Without re-reading the whole issue, why not always require max-age? We could deprecate not providing it for 12.x rather than 11.x so it's less disruptive.

Note that $render_array ['#cache']['max-age'] is sometimes set "by default" in a cache metadata handling method, and not explicitly by the developer (such as by addCacheableDependency() if I remember well). This explains why I had to force opt-out some forms in my merge request, in EntityFormDisplay, ContactController and NodeForm.
I'm not sure it invalidates your proposals, but I just wanted to make sure you took that into account.

@GaëlG I would think that means that not all forms would trigger a deprecation, but that more forms than if we only check for other cacheability metadata would trigger a deprecation since we'd be doing it for every case it's not set?

Just realised that 📌 Make POST requests render cacheable Needs work would be another reason to always deprecate if no max age, since it adds a 'magic' cache tag to every form. Excluding that cache tag from the checks could be done, but starts getting complicated.

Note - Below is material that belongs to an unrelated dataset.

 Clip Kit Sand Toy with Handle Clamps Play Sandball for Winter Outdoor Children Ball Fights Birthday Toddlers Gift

I think my idea had 2 motivations:

1. to minimise the number of places where an explicit max age has to be set, mimise the number of people getting this deprecation warning and having to (temporarily) add the explicit max age.

2. to make the locus of responsibility for cacheable metadata (the person getting the deprecation because their metadata might be buggy) be the developer adding cacheable metadata (possibly in an alter hook), not the developer providing the form class.

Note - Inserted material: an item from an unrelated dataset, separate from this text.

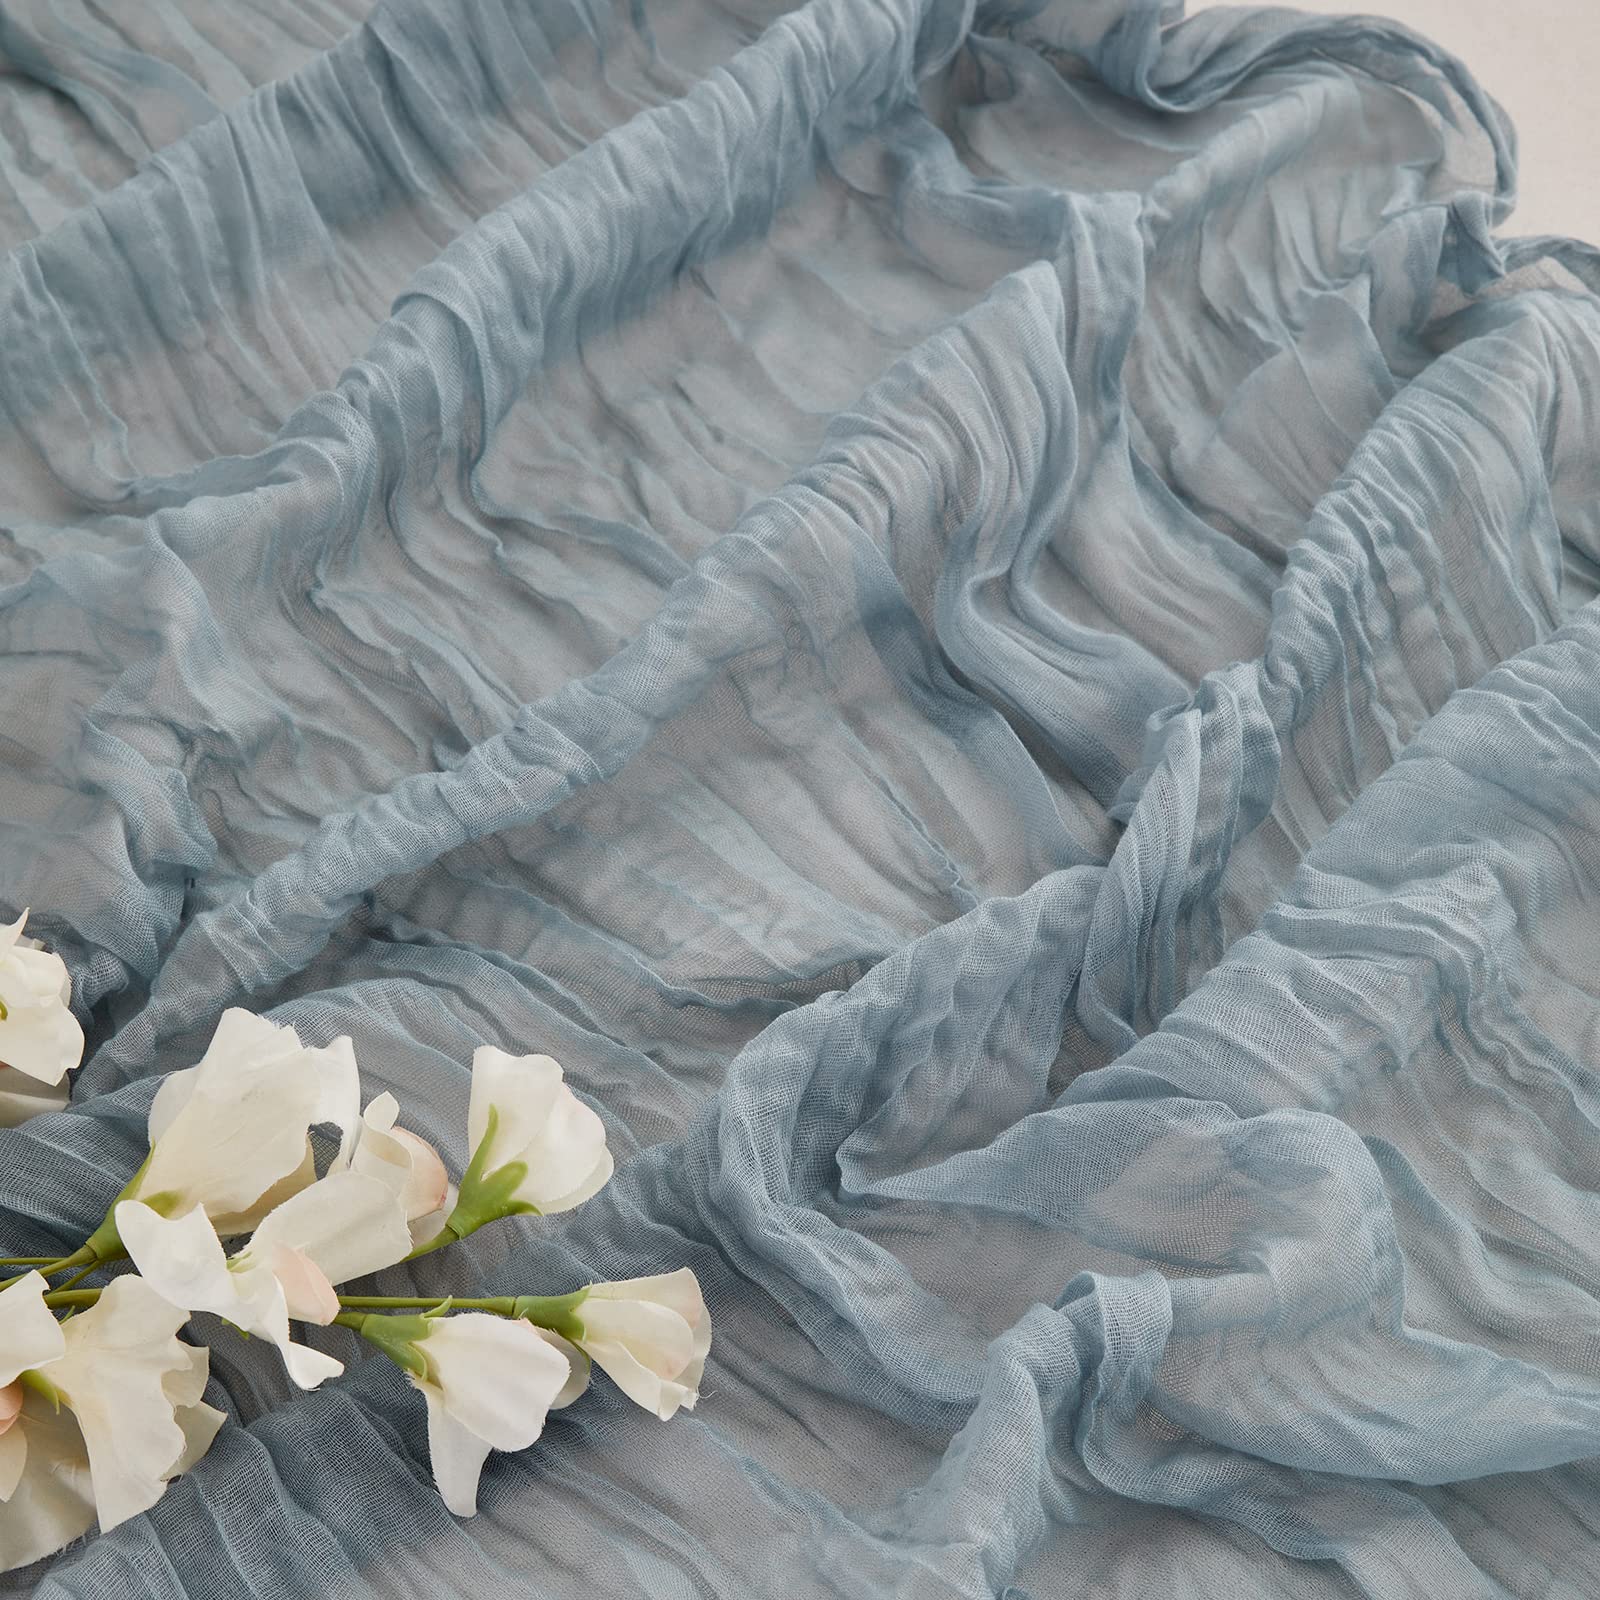 10 Pack Cheesecloth Table Runner - 13.3Ft Dusty Blue Boho Gauze Cheese Cloth Table Runner 35x160 Inch Long Romantic Sheer Table Runner for Wedding Bridal Baby Shower Birthday Party Table Decoration

If we require max-age=0 on every form, then every form class will enforce it based on the needs of their form, but people altering those forms and adding buggy cacheability data in alter hooks will get no help.

I think that this may all be getting too complicated, I'm not recommending we do this.

I'm not even sure we should provide any deprecations at all, but that is a question we can handle in the follow-up provided we decide now that we don't want to do anything more fancy to help form-alters.

tldr; I think it's good a committer considers this, but my recommendation is: commit the MR as it is now.

Ahh I see 📌 Deprecate not giving cacheability metadata to forms Needs work is open, fine for me to just add the capability with no deprecation here. Left a couple of comments on the MR but leaving RTBC for now.

Yes, deprecation should rather be discussed in 📌 Deprecate not giving cacheability metadata to forms Needs work . I answered there.

Opened 🐛 Node form reliance on temp store for preview makes it uncacheable Postponed and added a suggestion to the MR.

For the one thread from @catch.

There was one failed test that's a known intermittent, see 🐛 [random test failure] Random test fail in EntityReferenceWidgetTest Active . I've just started a rerun.

smustgrave → changed the visibility of the branch 2578855-cacheabledependencyinterface to hidden.

smustgrave → changed the visibility of the branch 2578855-all-in-one-scope-creep to hidden.

smustgrave → changed the visibility of the branch 11.x to hidden.

Hiding patches and unused MRs for clarity

Re-ran failing test and confirmed it was random.

Feedback appears to be addressed but MR was moved to draft so will leave in review.

The MR was automatically put into draft by a fixup commit (I guess if I'd rebased with autosquash it wouldn't have), and I don't seem to have permission to remove the draft status; I'm not sure it makes a meaningful difference to the state of review of the code contained within however.

I think this is ready again.

Created a CR

I've updated the comments based on the most recent feedback.